Wtorkowy, 15 października popołudniowy czas, stał się dla lokalnej społeczności Młynka punktem wyjścia do zorganizowania protestu. Manifestacja została urządzona na skrzyżowaniu ulic Tomaszowskiej i Dąbrowskiego. Protestujący podkreślali, że zaangażowanie w tę sprzeciwiającą się działalność jest podyktowane troską o ich własne domy oraz o bezpieczeństwo dzieci, które codziennie tędy docierają do szkoły.
Kontrowersje mieszkańców wywołała propozycja planów budowy obwodnicy Wiskitna. Zaproponowane warianty tej inwestycji zakładają jej powstanie na bazie już funkcjonującej ulicy Tomaszowskiej.
Ludzie zamieszkujący Młynek są zdecydowanie niechętni wprowadzeniu zmian, które doprowadzą do budowy nowej arterii komunikacyjnej tam, gdzie już teraz tworzą się znaczne zatory. Dodatkowo, droga ta jest intensywnie eksploatowana przez pojazdy ciężarowe i nie posiada nawet odpowiednich chodników czy poboczy.

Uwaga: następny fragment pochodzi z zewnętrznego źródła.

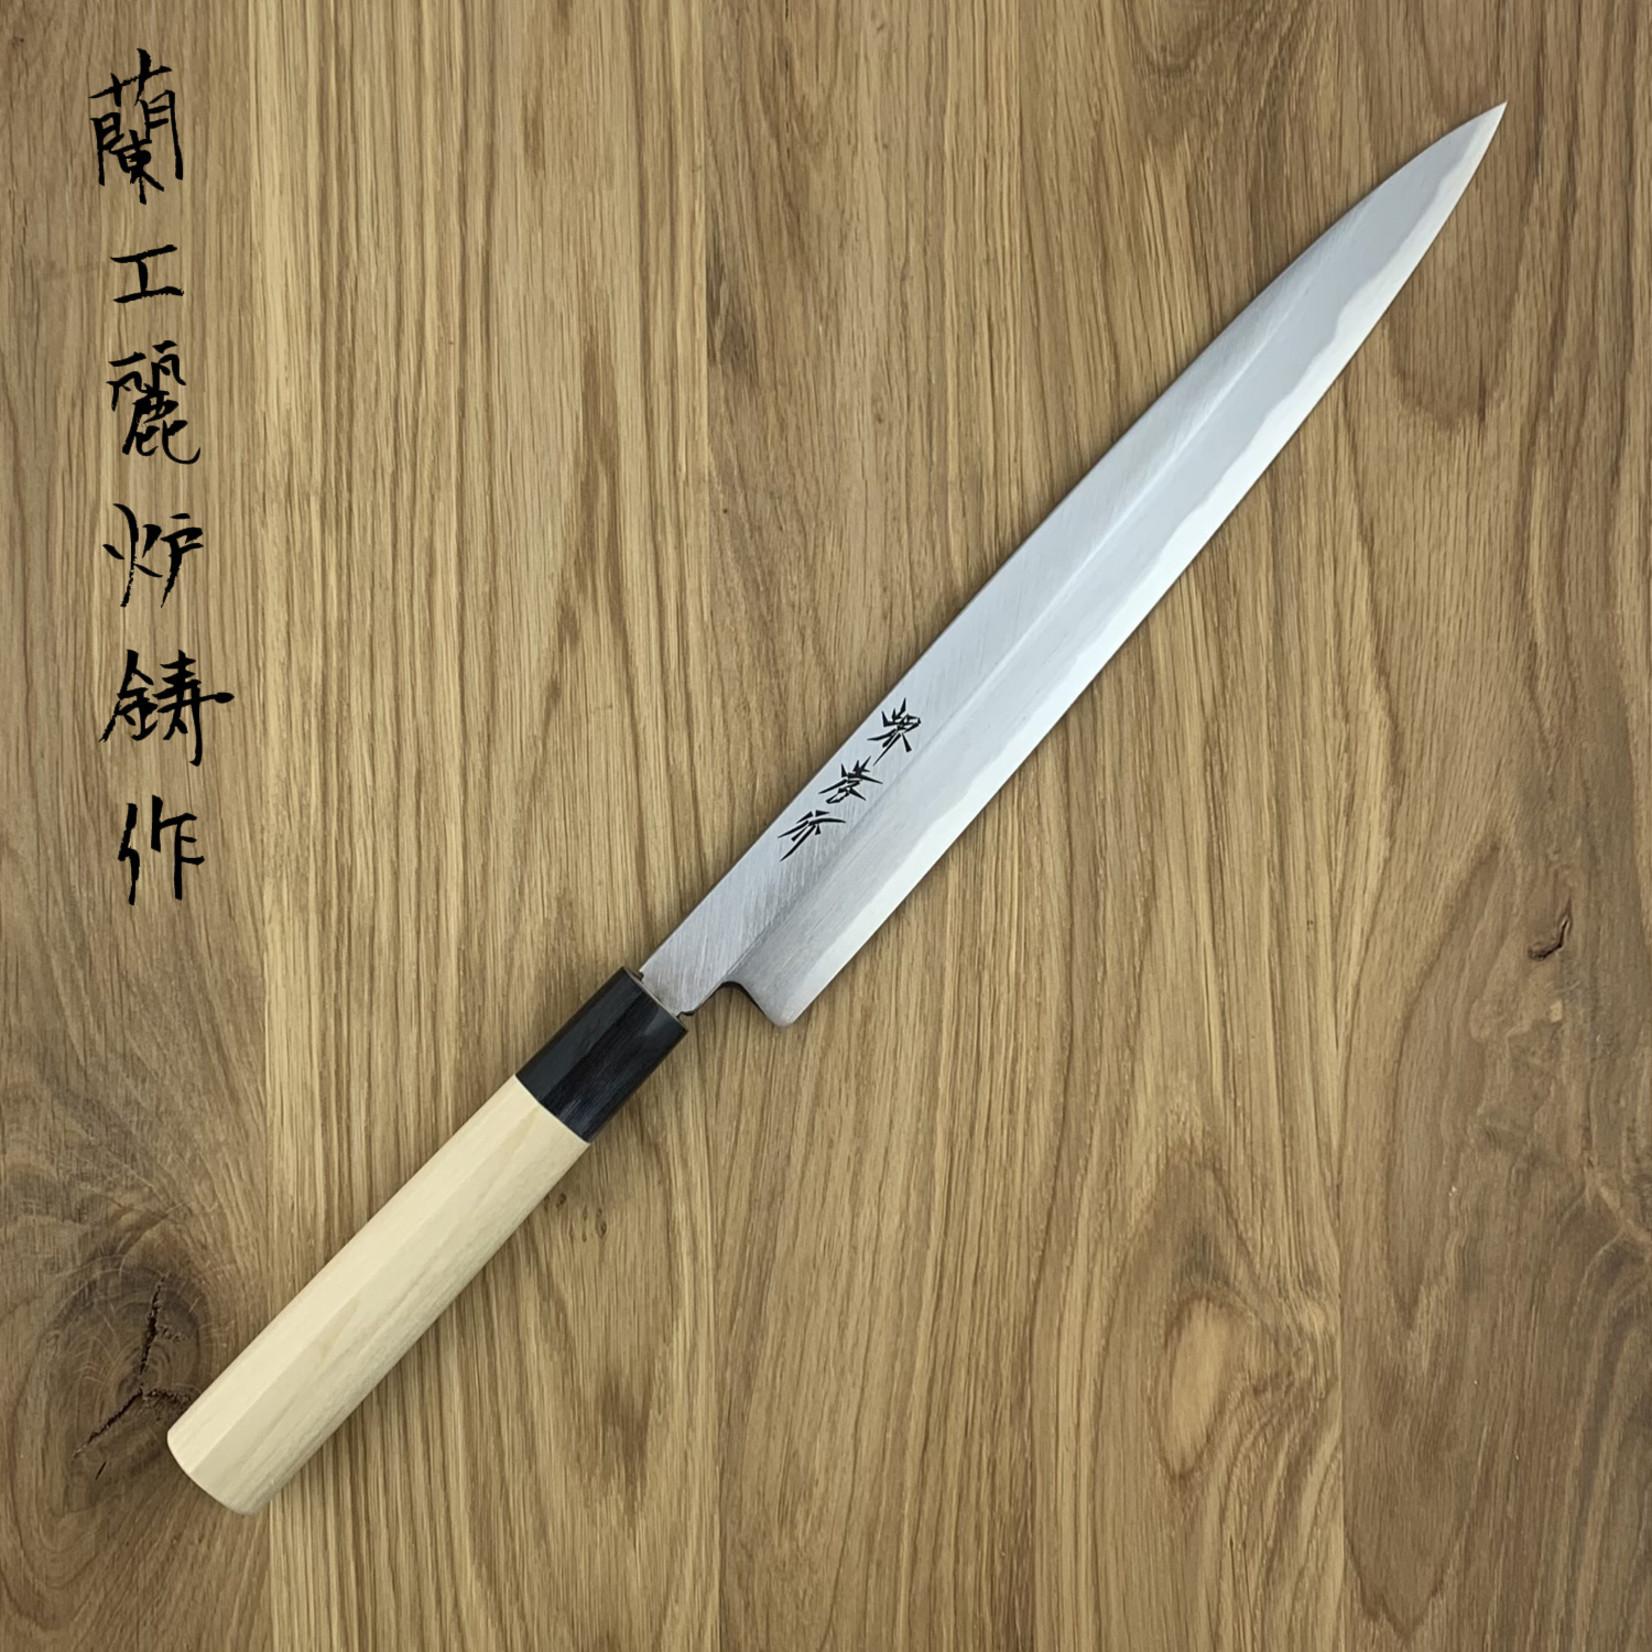 SAKAI TAKAYUKI Kasumi Suigyu White #3 Magnolia Heft Yanagiba 270 mm 06304

– Prowadzimy akcję informacyjną mającą na celu walkę o bezpieczeństwo naszych dzieci, które każdego dnia dojeżdżają ulicą Tomaszowską do szkoły. Nie jest to droga dla ciężarówek, a miasto planuje tu obwodnicę właśnie dla nich. Nie zgadzamy się na to i domagamy się, aby władze miejskie wysłuchały nas – mieszkańców, bo to my tworzymy to miasto – mówi Małgorzata Barczyńska z Ruchu Społecznego „STOP Młynek”.